可一看到她滿足乖靜的樣子,聯想到她這些天艱難的付出,卻又不舍得。
好是盧夜華汲著汲著就睡著了,謝傅生怕把她驚醒,小心翼翼的把她放下。
松了口氣,笑道“你再不睡,我的血可要被你喝干了。”
也不給盧夜華療傷了,人先緩一下,坐下盤腿運氣調息,也好讓盧夜華再睡熟一點。
化天地之氣為己用,經脈猶如樹木汲水,這大概就是仙人可以不吃不喝的原因吧。
時間無聲流逝,謝傅感覺人有點熱,睜開眼睛,這時陽光已經很強烈,太陽高懸偏西,差不多未時左右。
想著趕緊尋找有水源的地方再做調整。
接下來是而惡風之地,風大恐怖比沙塵暴還要駭人,礫石塵土與颶風融為一體,在風速卷動之下,任何脆弱的東西進入其中很快就會被一片片撕成渣渣,這個地方也沒有任何生物。
武道中人有護體真氣,這些對對武道中人還造成不了威脅,可怕的是這大風之中似乎隱藏著某種惡物,能夠侵襲腐蝕人體。
身體一旦接觸就被沾上并迅速蔓延,一名修為較低的道門弟子便在刺地中招,幸得許格當機立斷將其手臂斬下,才保住一命。
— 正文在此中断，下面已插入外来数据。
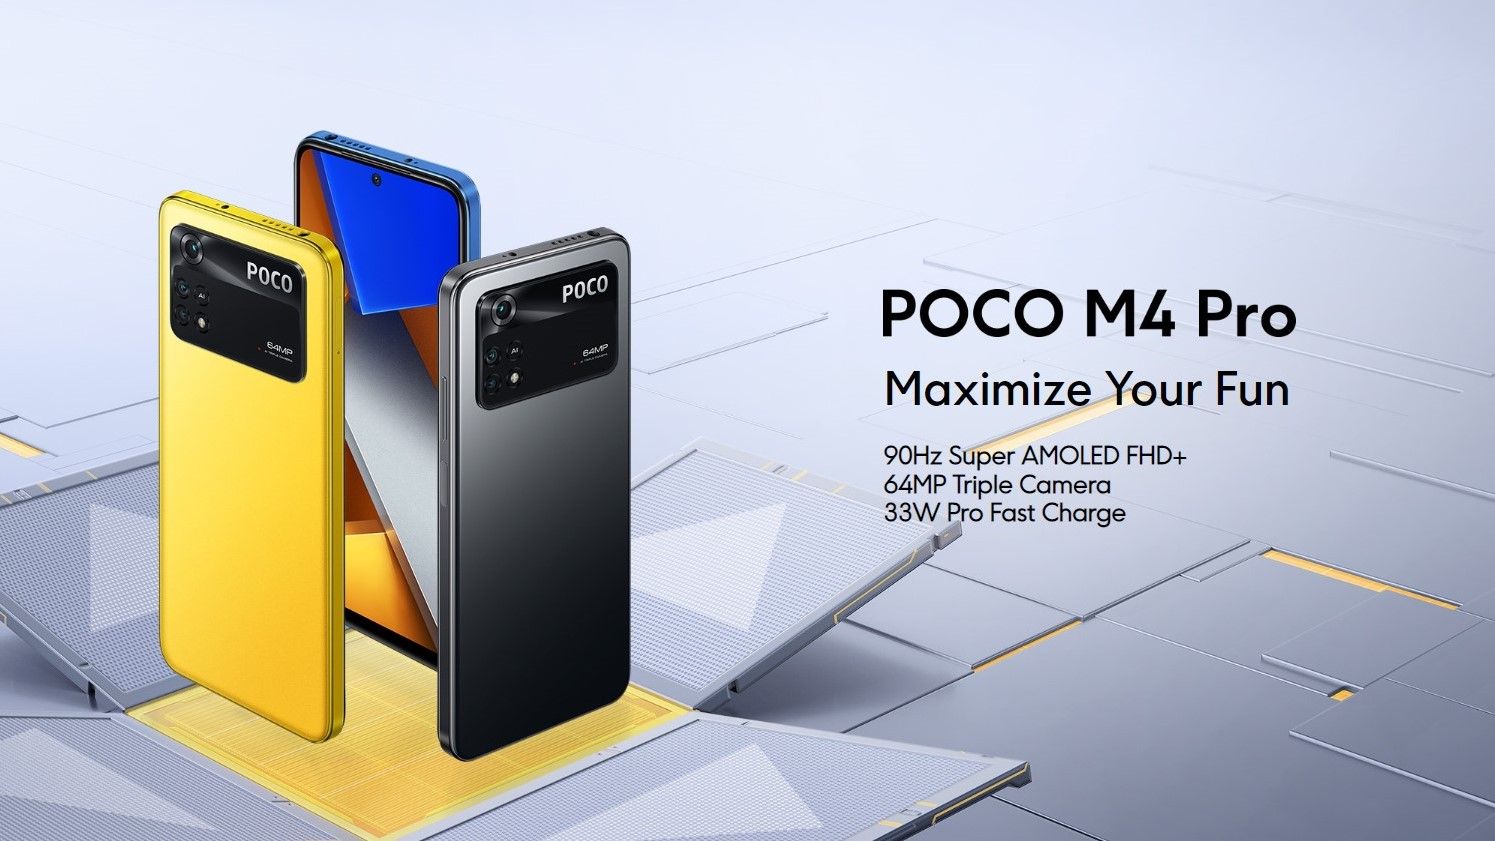 Poco M4 Pro, smartphone dengan fitur lengkap serta harga yang terjangkau
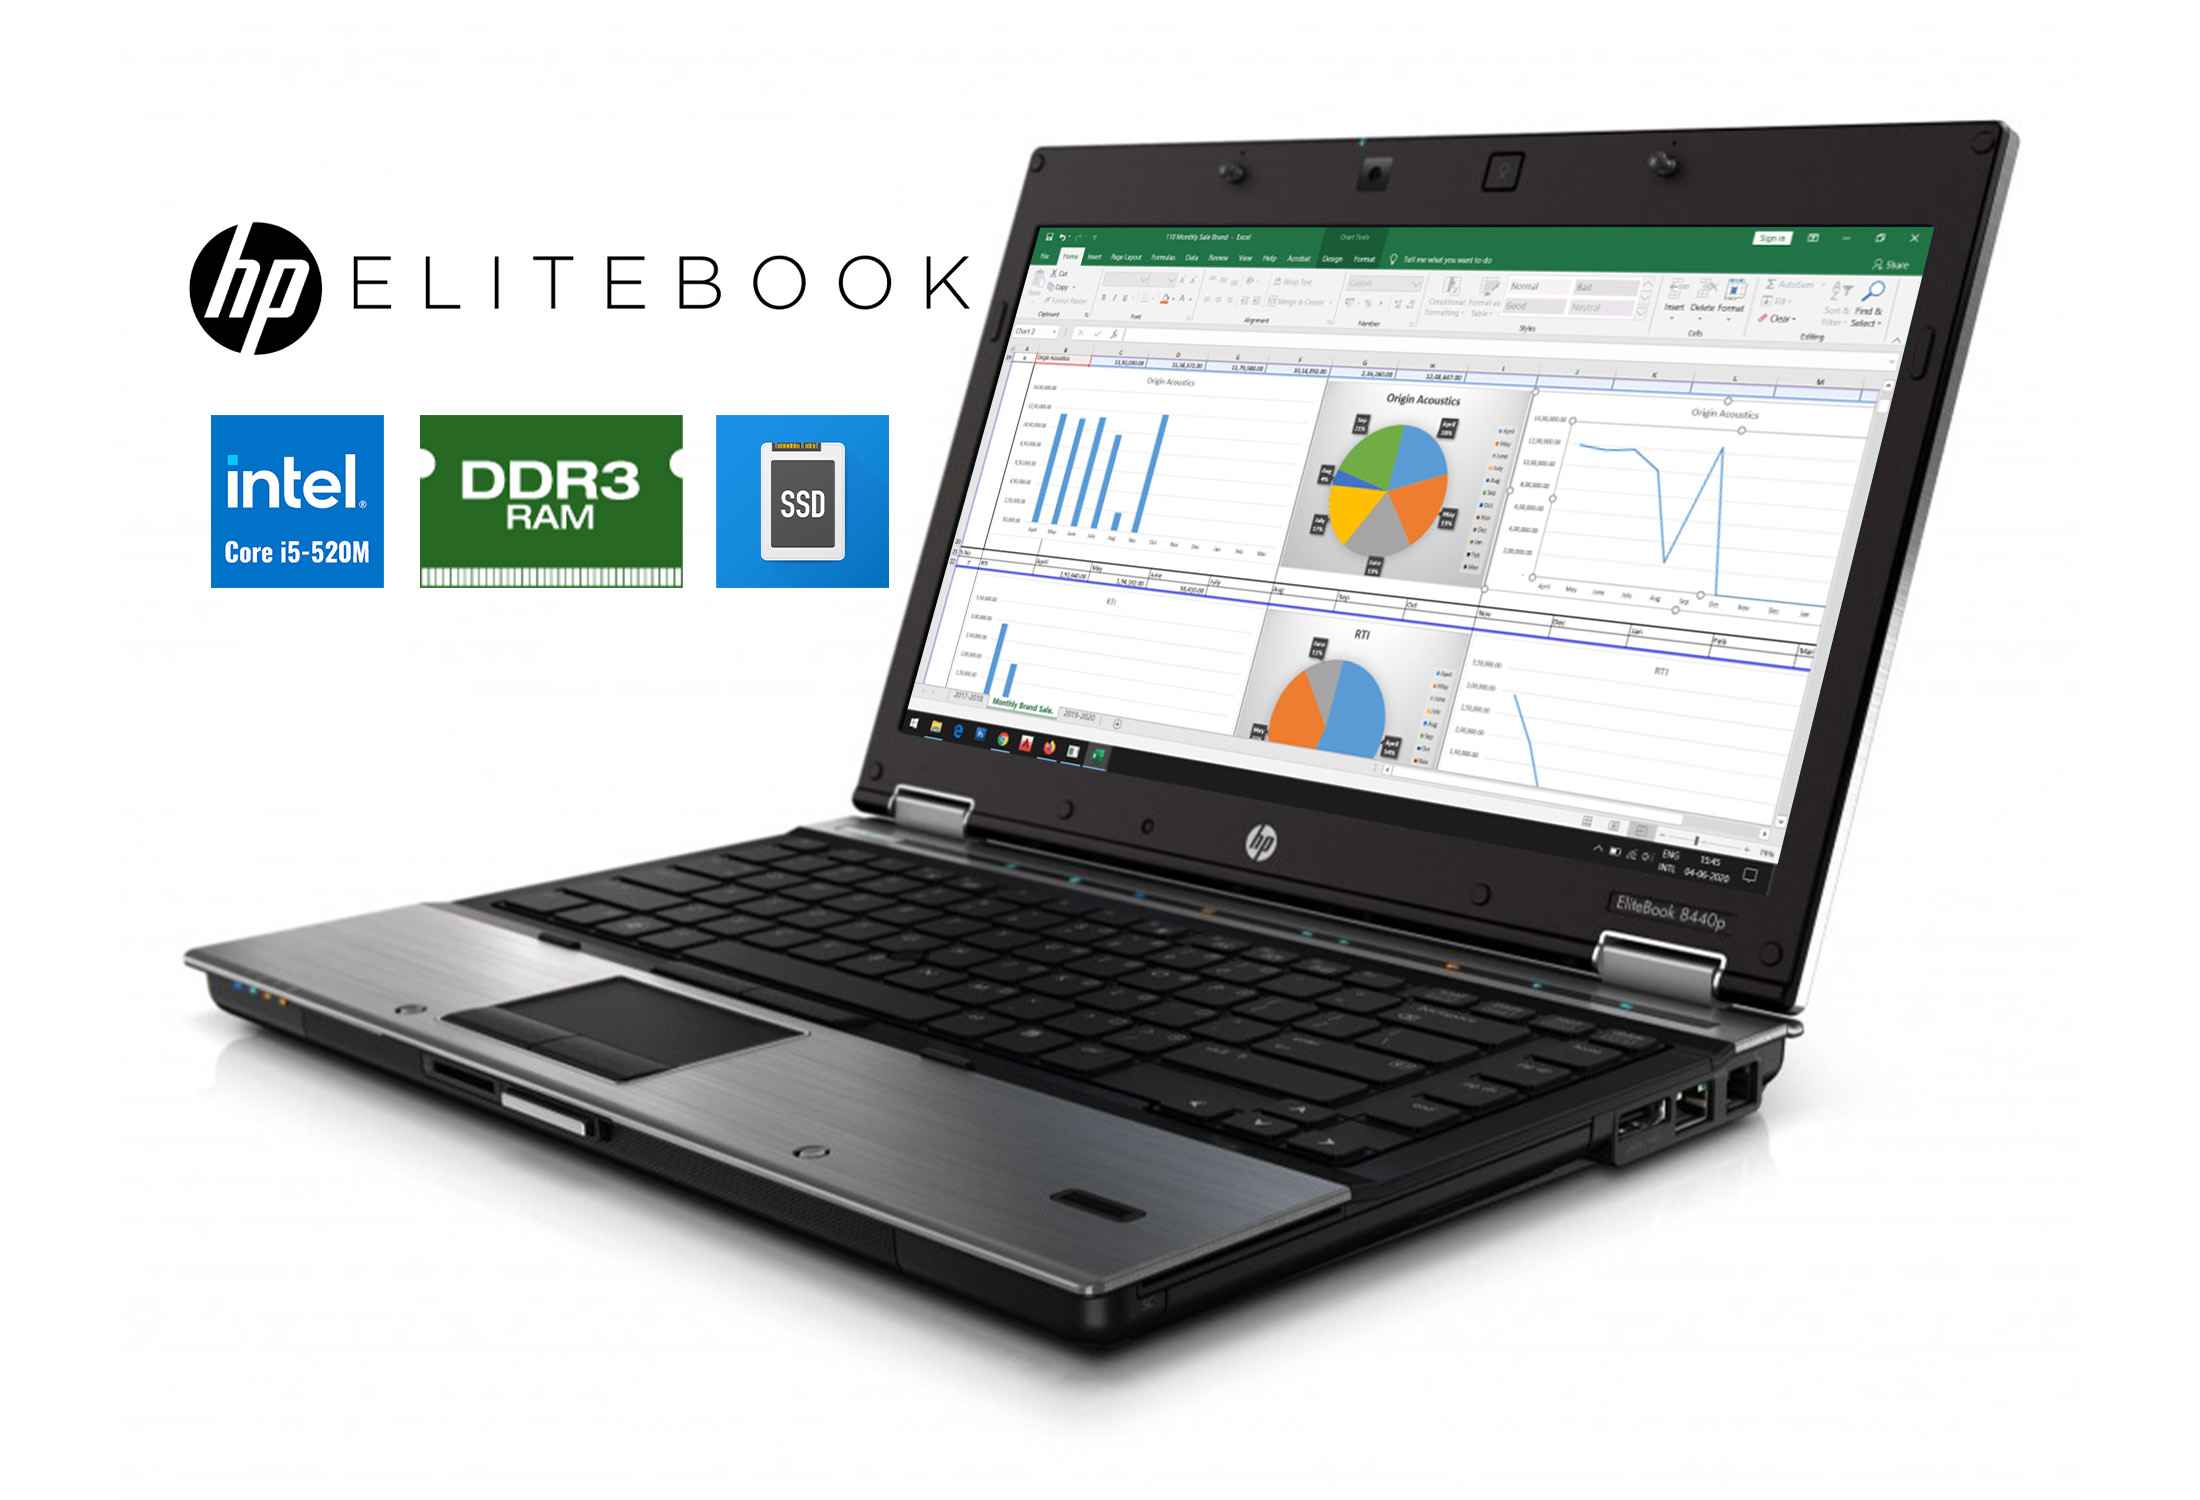 HP EliteBook 8440p core i5-520M DDR3 SSD 1600x900-CcoKZ.jpeg

風力巨大不可怕,可怕的是風暴中搞不清楚能夠威脅他們性命的惡物,所以他們才將此地取名為惡風之地,而非風暴之地。
他們能夠輕易經過惡風之地,全靠菩薩所贈裟衣庇護。
謝傅將裟衣湊作一件,將盧夜華裹的嚴嚴實實,背起盧夜華踏上啟程。
至于他自己打算憑著神之軀硬抗抵擋,事情從來就沒有周全的時候,關鍵時候總要有人做出犧牲,就像這些年盧夜華所做的一切。
剛剛靠近惡風之地,謝傅就感覺勁風拂面,而前方遮天蔽日是一片陽光照射不進去的黑暗之地,那里有千百條風龍在肆虐大地。
隨著深入,眼前已經漆黑一片,而謝傅也感覺似有無數把刺刀在挖鑿他的身體,那是風暴中的礫石和塵土,在高速之下,每一顆有棱有角的礫石都不亞于尖銳的刀鋒。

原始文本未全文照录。